— What to work on —
In the records below, find the line with "Un uomo effettua", then copy each line exactly until you have copied the line with "新世界の射窓 No78 トリンドル". Leave any picture out.

— Data supplied —
___

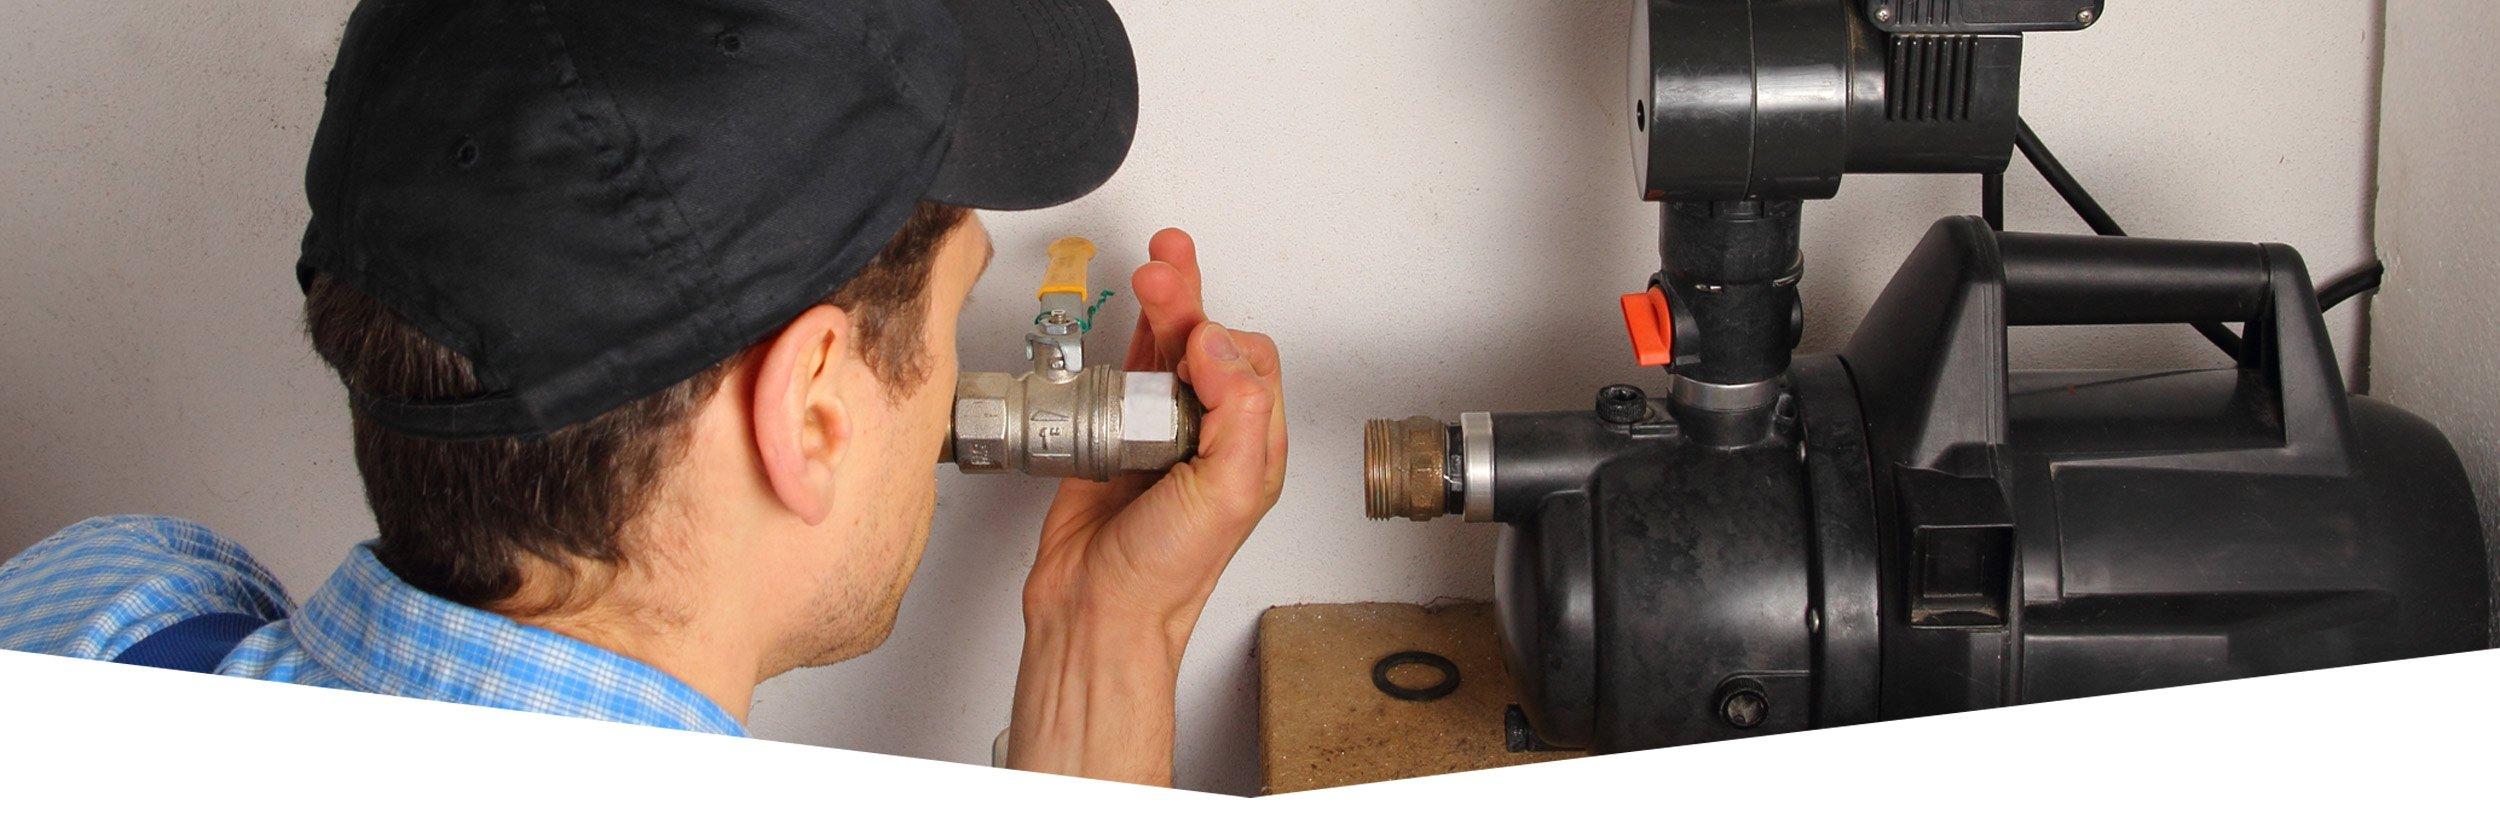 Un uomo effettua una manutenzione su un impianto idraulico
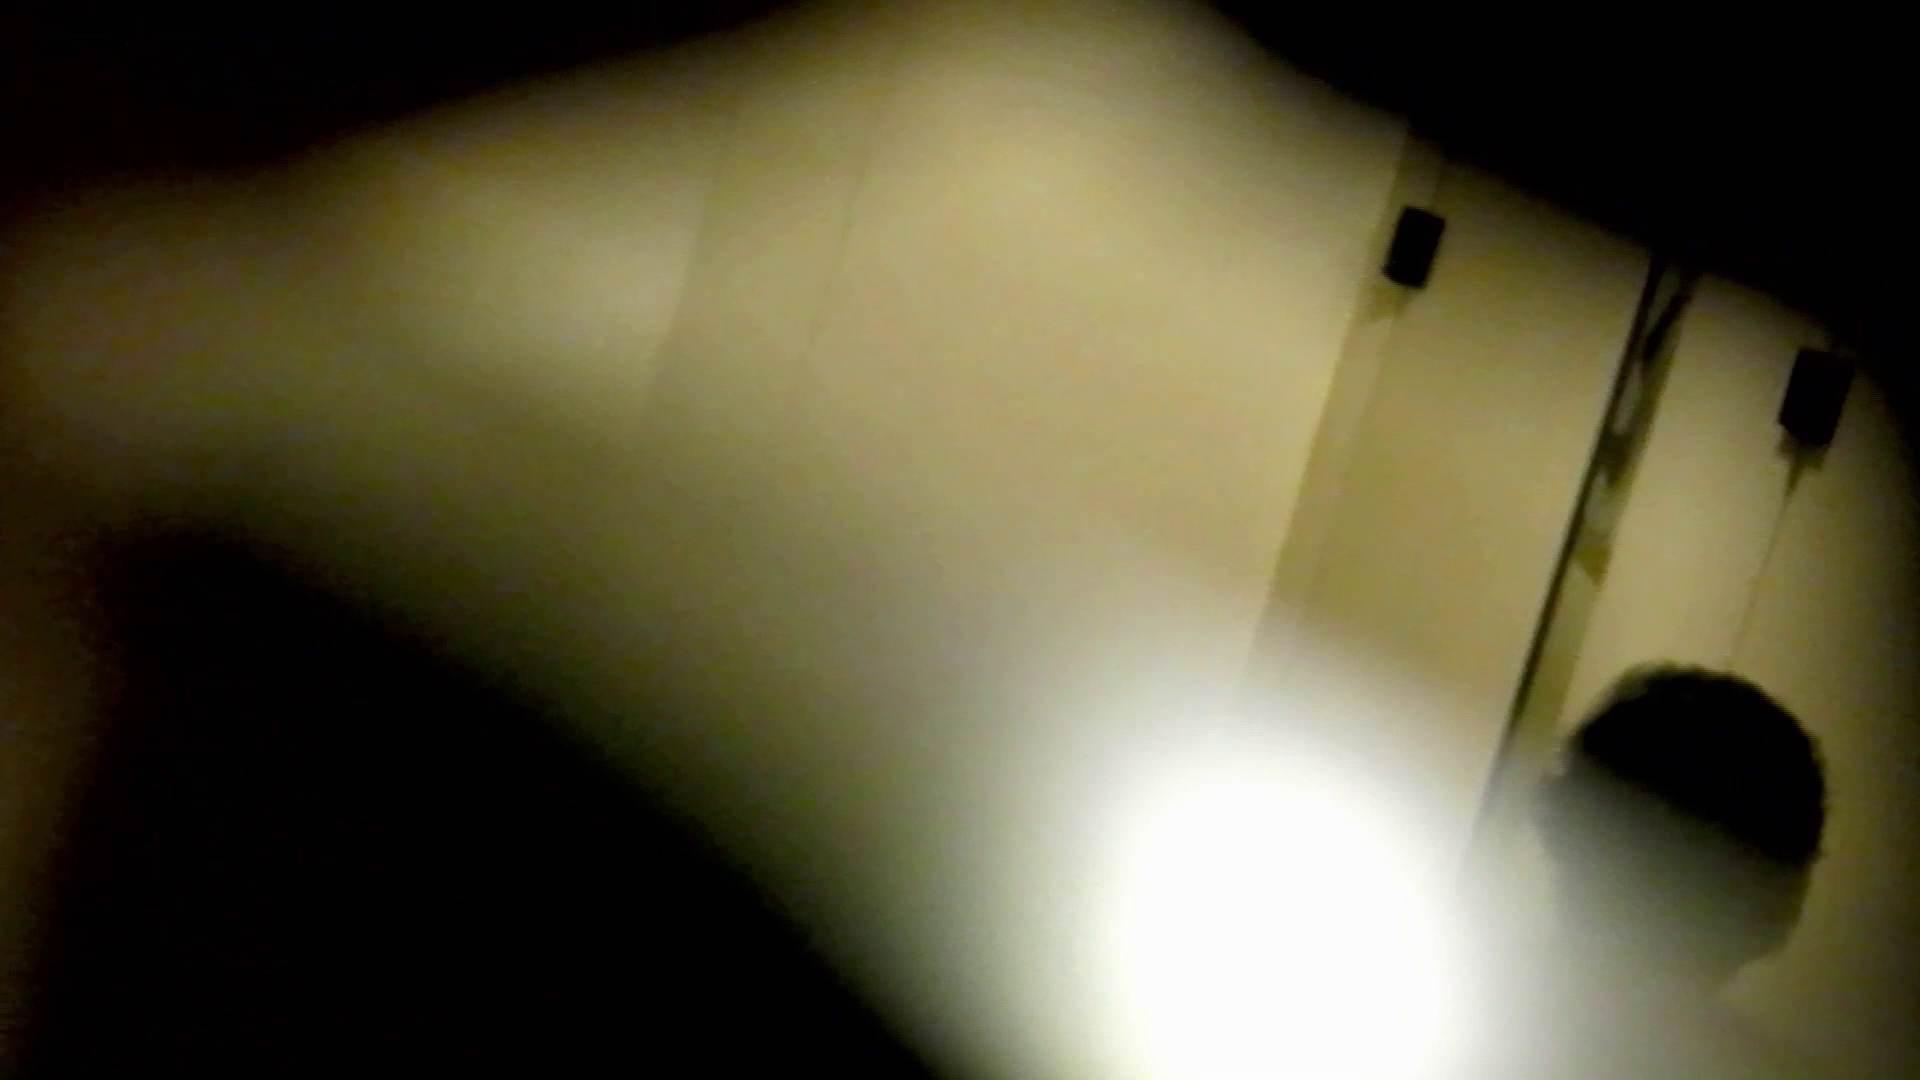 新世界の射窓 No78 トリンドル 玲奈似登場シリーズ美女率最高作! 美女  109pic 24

___

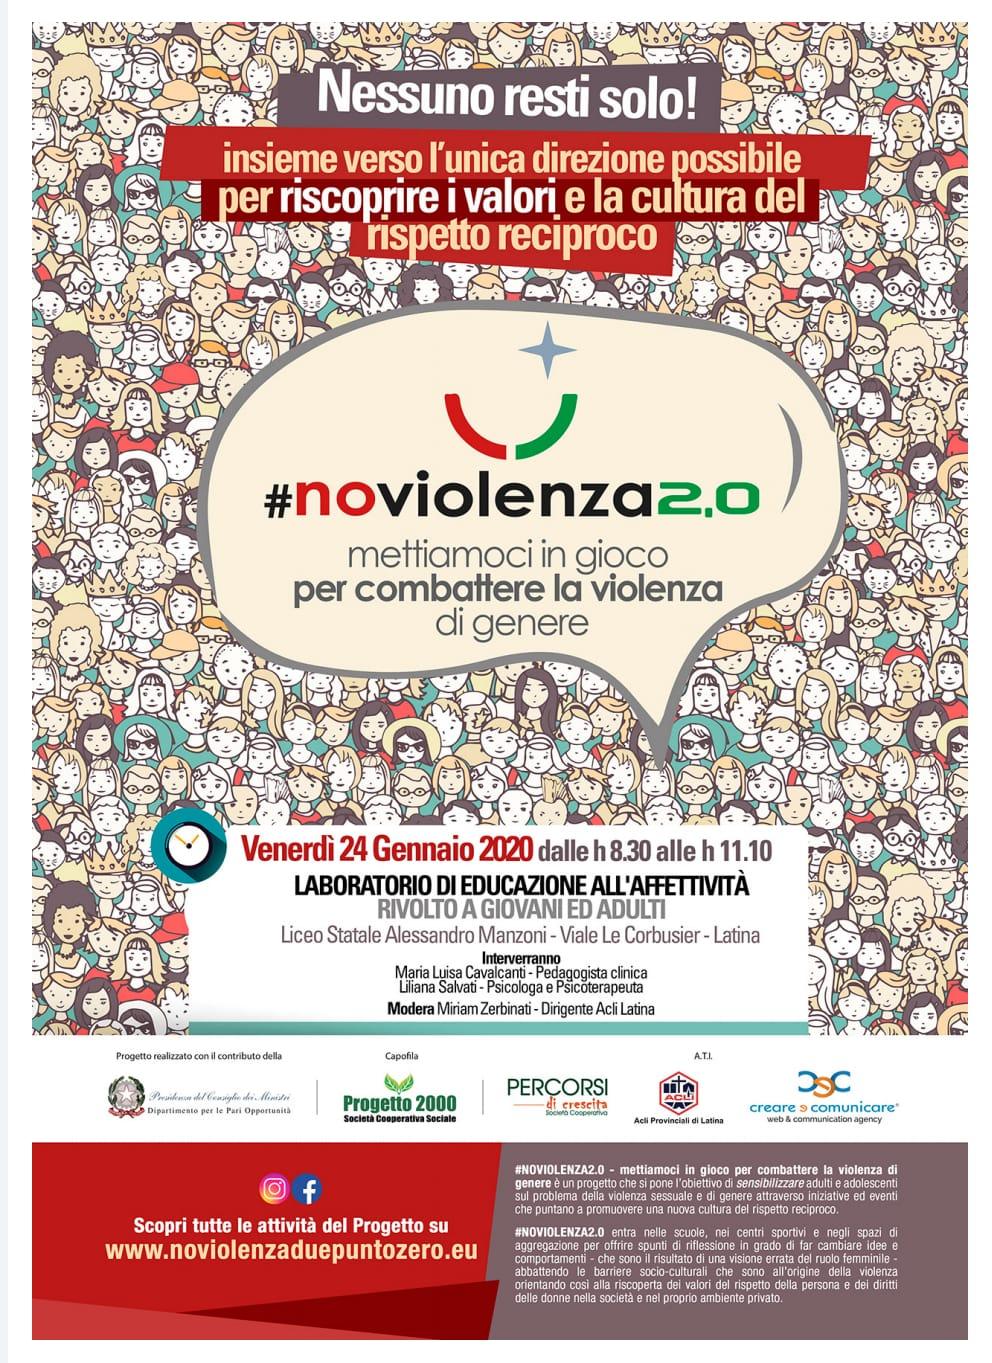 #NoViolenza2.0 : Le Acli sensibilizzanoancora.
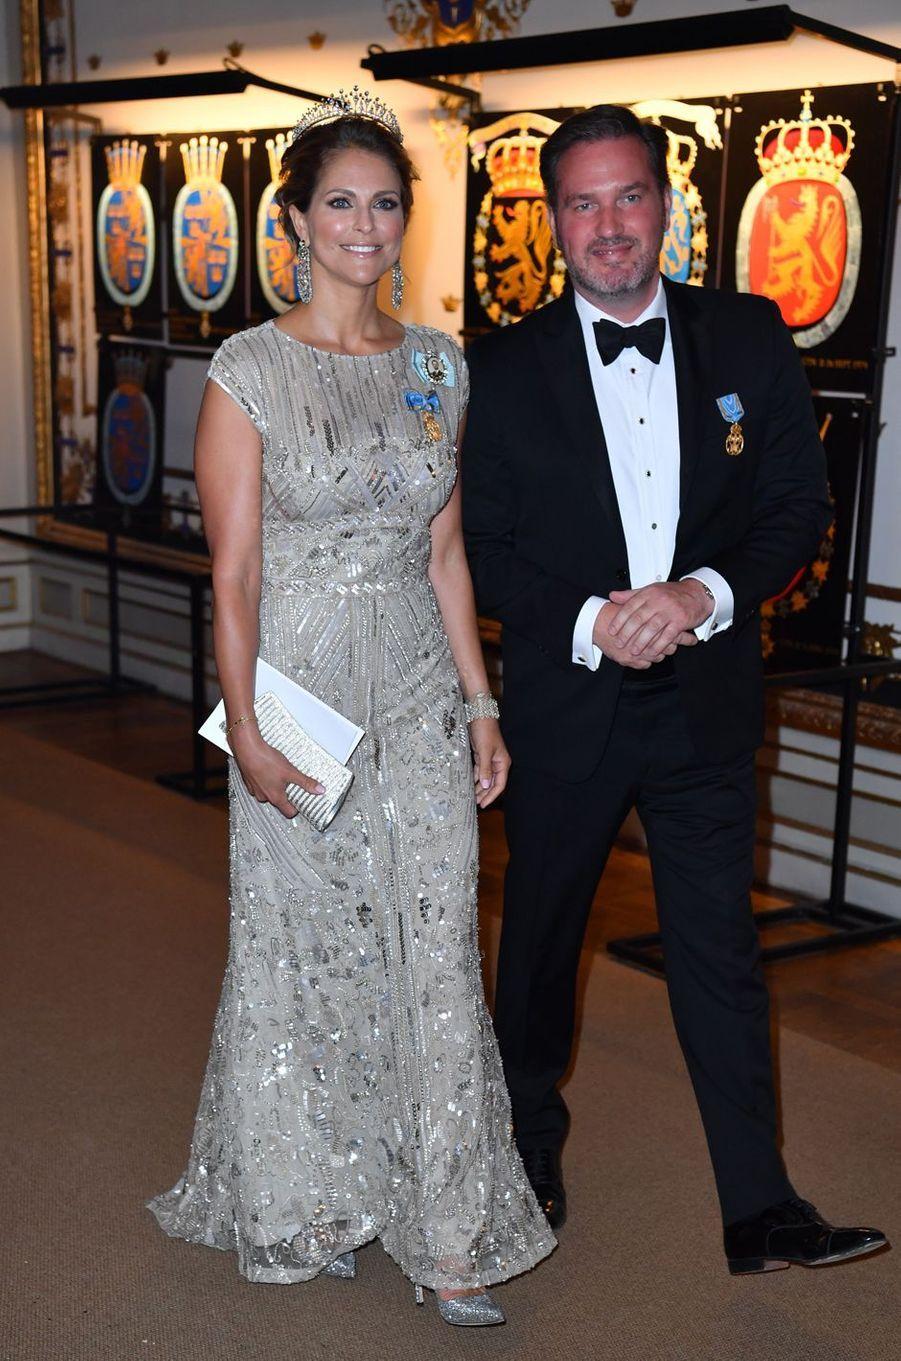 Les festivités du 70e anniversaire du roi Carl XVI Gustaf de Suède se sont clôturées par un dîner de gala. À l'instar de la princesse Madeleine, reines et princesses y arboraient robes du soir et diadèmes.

___

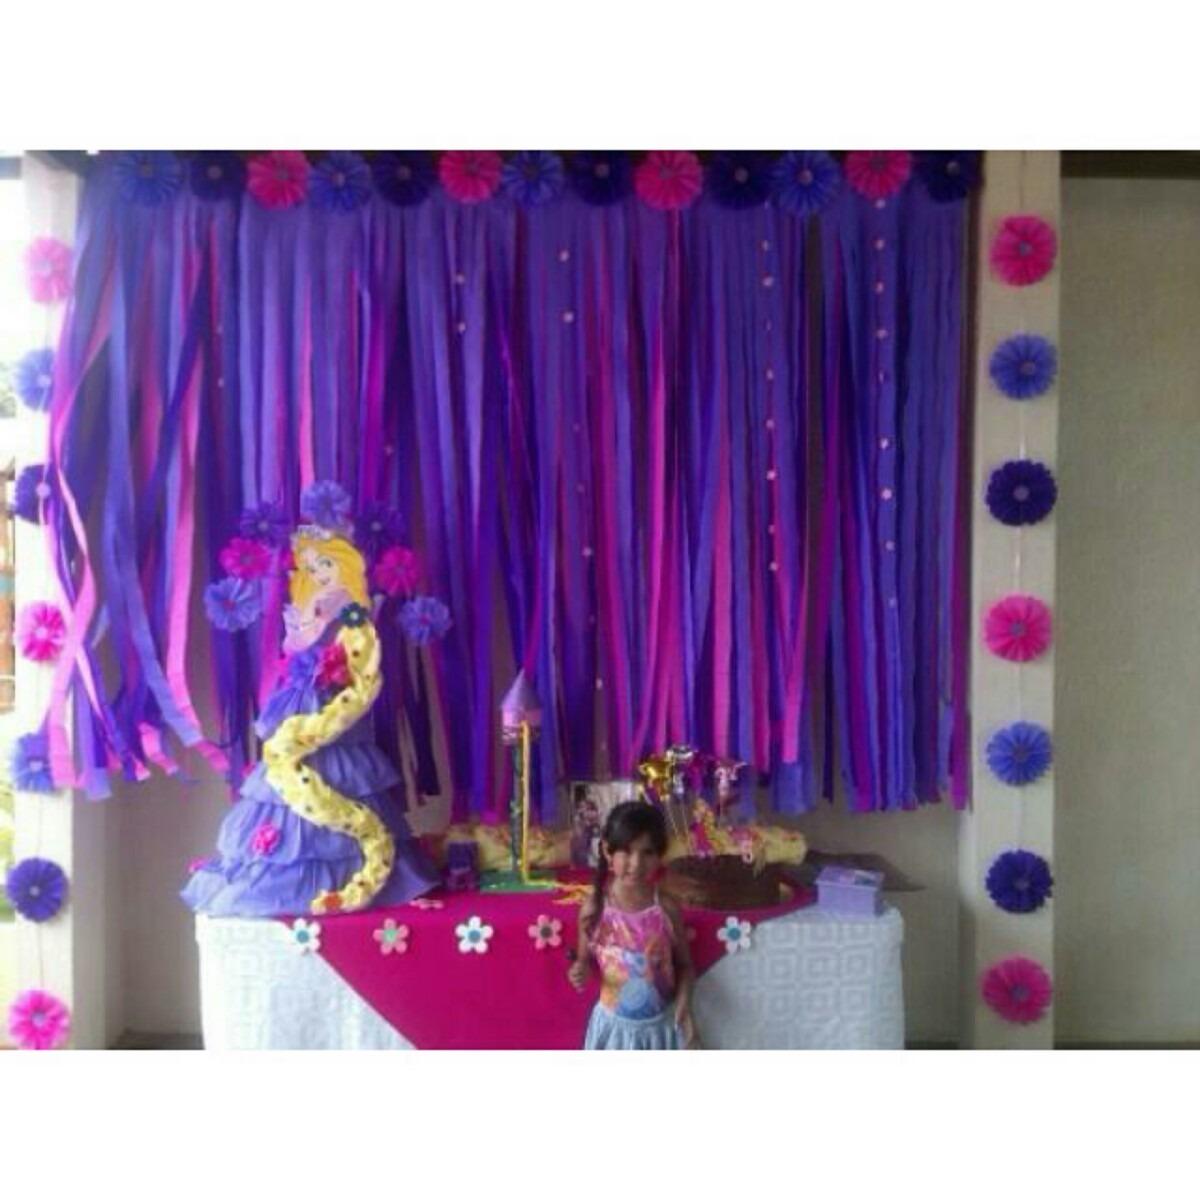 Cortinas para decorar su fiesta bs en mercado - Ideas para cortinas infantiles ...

___

— Exercise solution —
 Un uomo effettua una manutenzione su un impianto idraulico
 新世界の射窓 No78 トリンドル 玲奈似登場シリーズ美女率最高作! 美女  109pic 24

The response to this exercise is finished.